+++ Extracted records
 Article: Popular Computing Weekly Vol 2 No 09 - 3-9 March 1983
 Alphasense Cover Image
++++++
+++ Extracted records
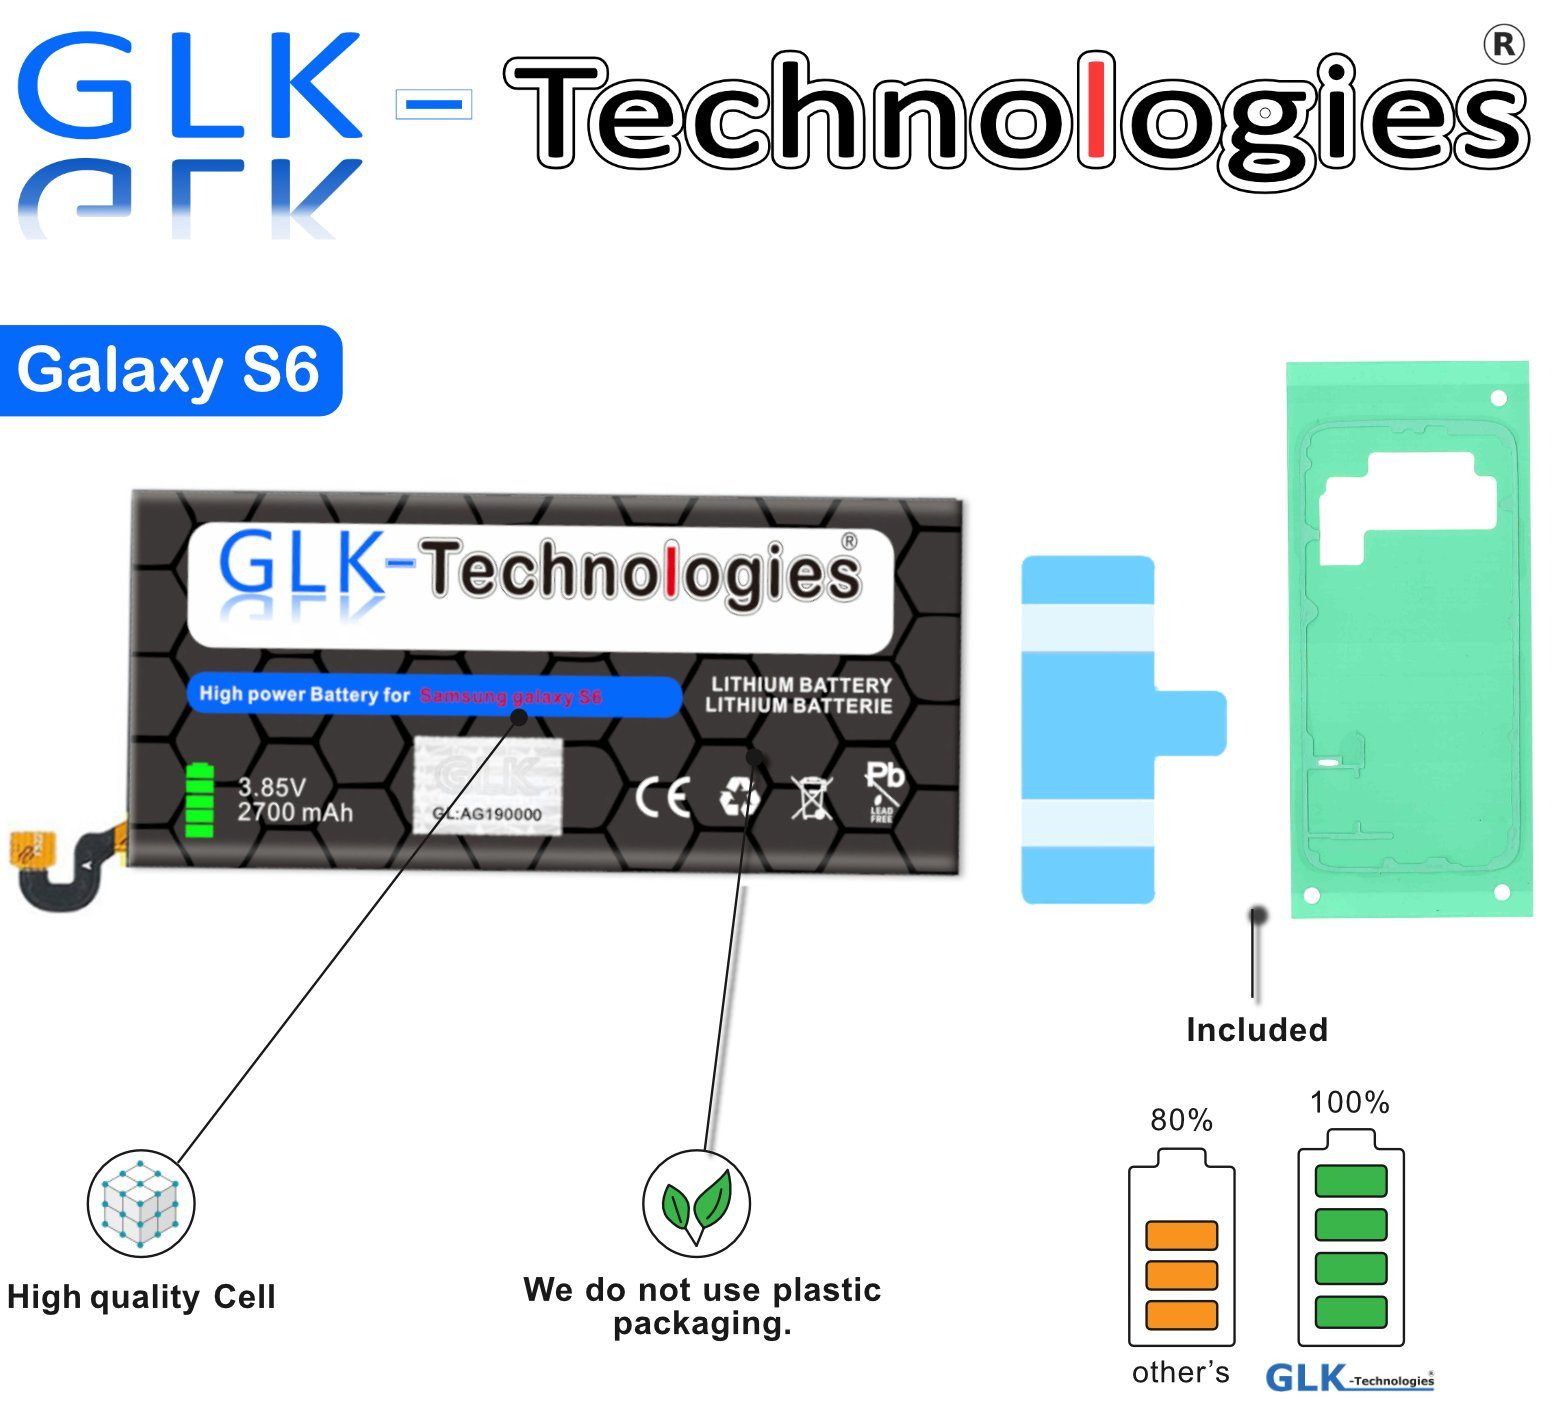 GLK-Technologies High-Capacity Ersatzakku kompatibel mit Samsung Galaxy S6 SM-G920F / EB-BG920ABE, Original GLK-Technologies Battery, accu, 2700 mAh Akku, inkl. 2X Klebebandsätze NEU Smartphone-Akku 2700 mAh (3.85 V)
++++++
Work required | Of all the entries above, repeat only the lines from the line that has "Article: Popular Computing" to the line that has "Alphasense Cover Image", both lines included, exactly.

Written solution |
 Article: Popular Computing Weekly Vol 2 No 09 - 3-9 March 1983
 Alphasense Cover Image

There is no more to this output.